Dr. Kingsbury highlighted how the term “high stakes” is frequently misused by the testing community. Almost every test is high stakes for someone; the key is to recognize for whom. Is the test high stakes for the test taker, the testing agency, the educators, the community, or some combination of stakeholders? The more stakeholders who are impacted by the results of the examination, then the higher the stakes. Moreover, a real issue arises when the examination is high stakes for one population, but not for another. For example, a statistical “terminal disaster” occurred with the “No Child Left Behind” testing model because the examination was very high stakes for the educators, but a no-stakes examination for the test taker.

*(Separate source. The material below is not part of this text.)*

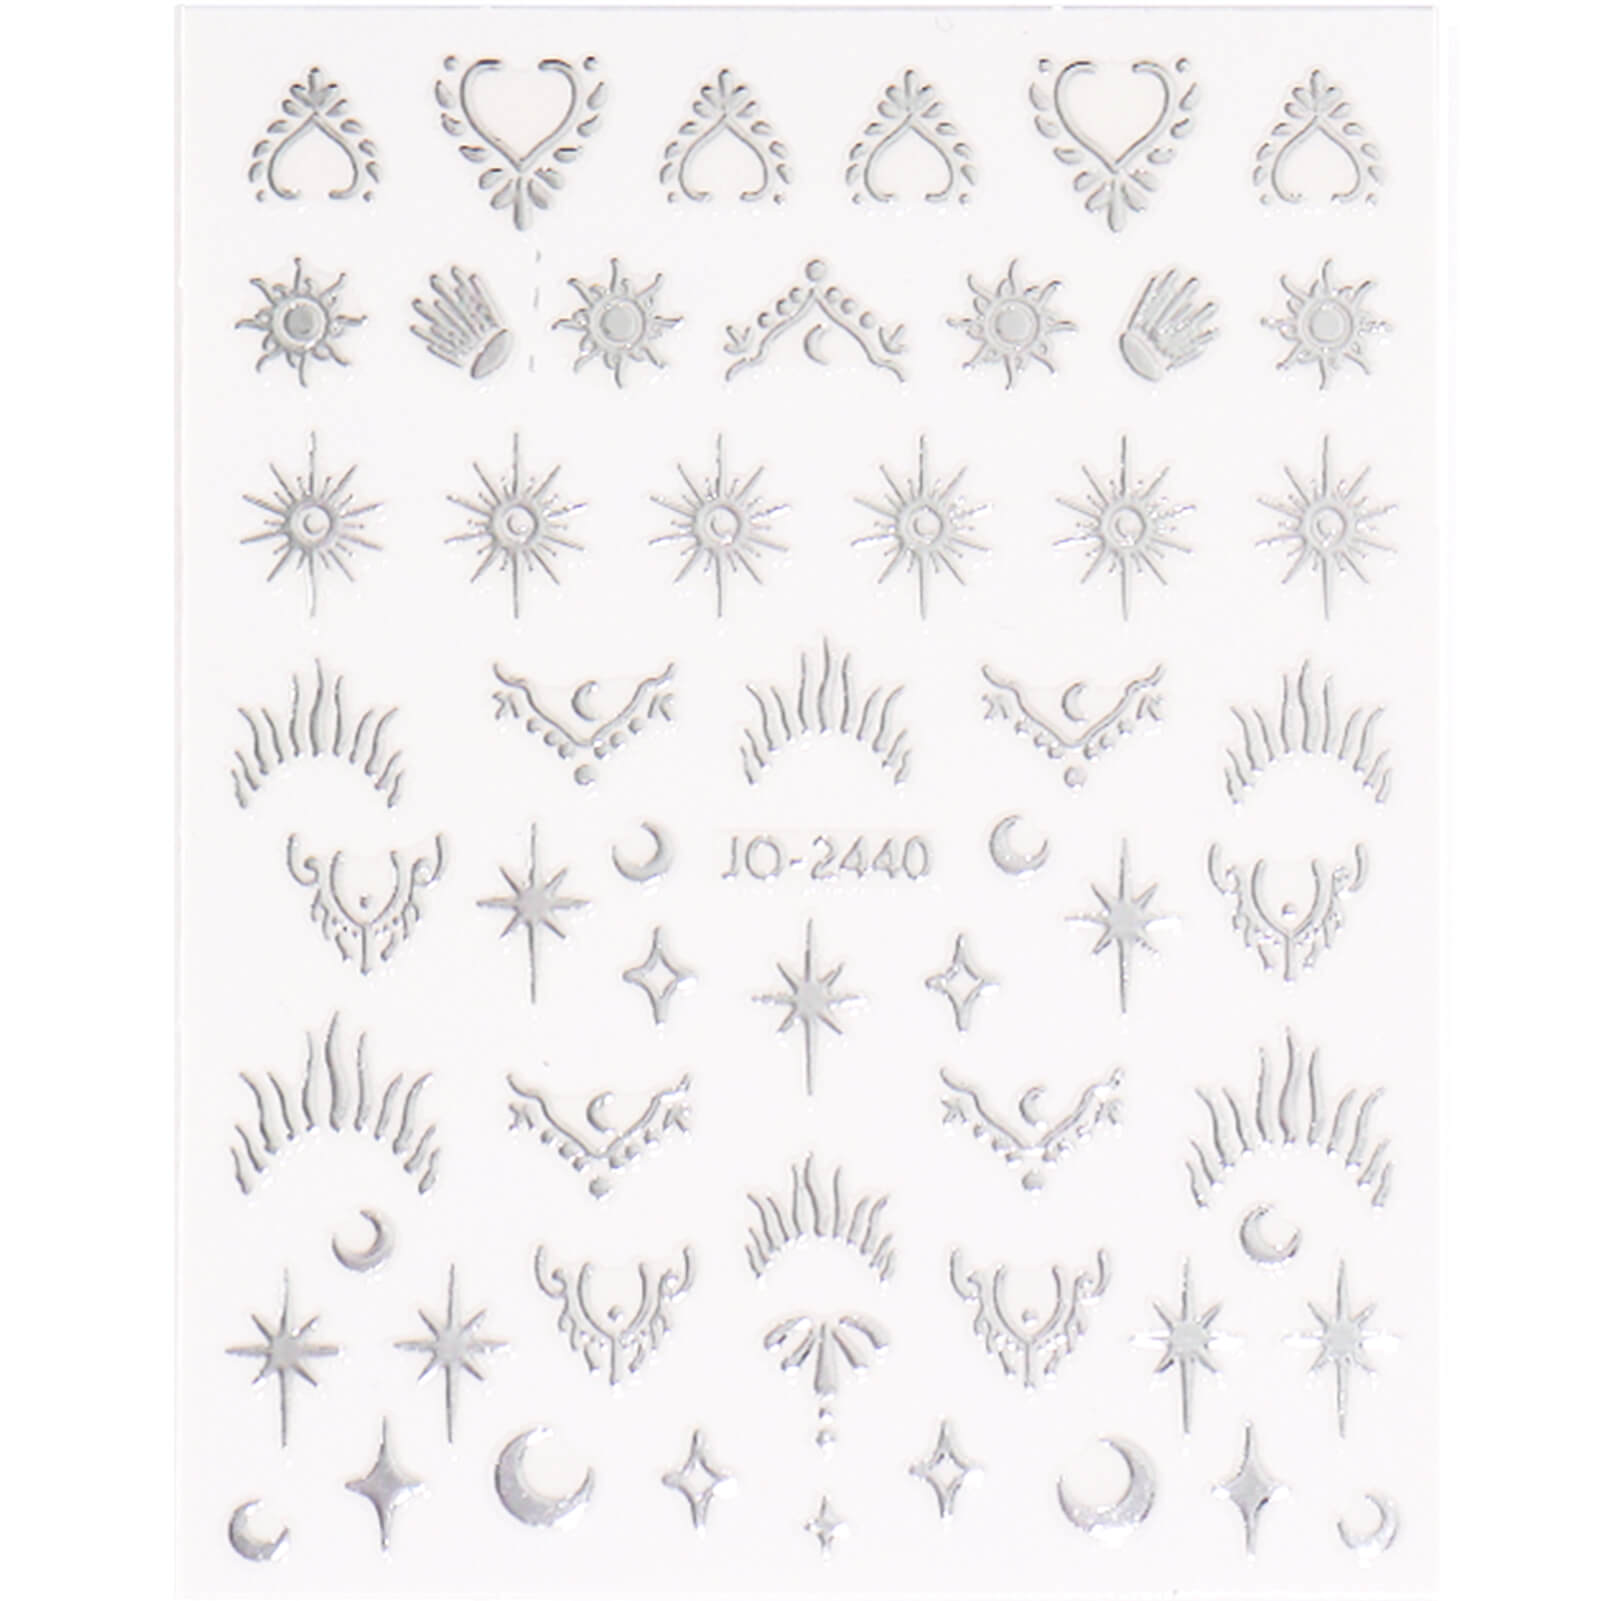 nail-art-stickers-bohemia-moon-star-2440-silver

He concluded with a quick tip: When crafting high stakes examinations, drafters should pay attention to how much information is being tested per minute of examination—the answer to this question will aid the drafter in determining which testing format (e.g. essay, multiple-choice) is best equipped to achieve the drafter’s goal.
Next, Professor James Wollack of the University of Wisconsin-Madison discussed the “Implications of Standardization: Test Security for LSAT and Bar Exam.” More specifically, his talk focused on exam cheating in the academic setting.
Shockingly, 68% of undergraduate students nationwide admitted to cheating at least once during the academic year. Of those who admitted to cheating, 85% believed cheating was essential to their academic success, 90% didn’t believe they would get caught, and, in fact, 95% did not get caught. To put all these numbers in perspective, a website which enables students to purchase original pre-written term papers and projects receives 8,000 unique hits each day.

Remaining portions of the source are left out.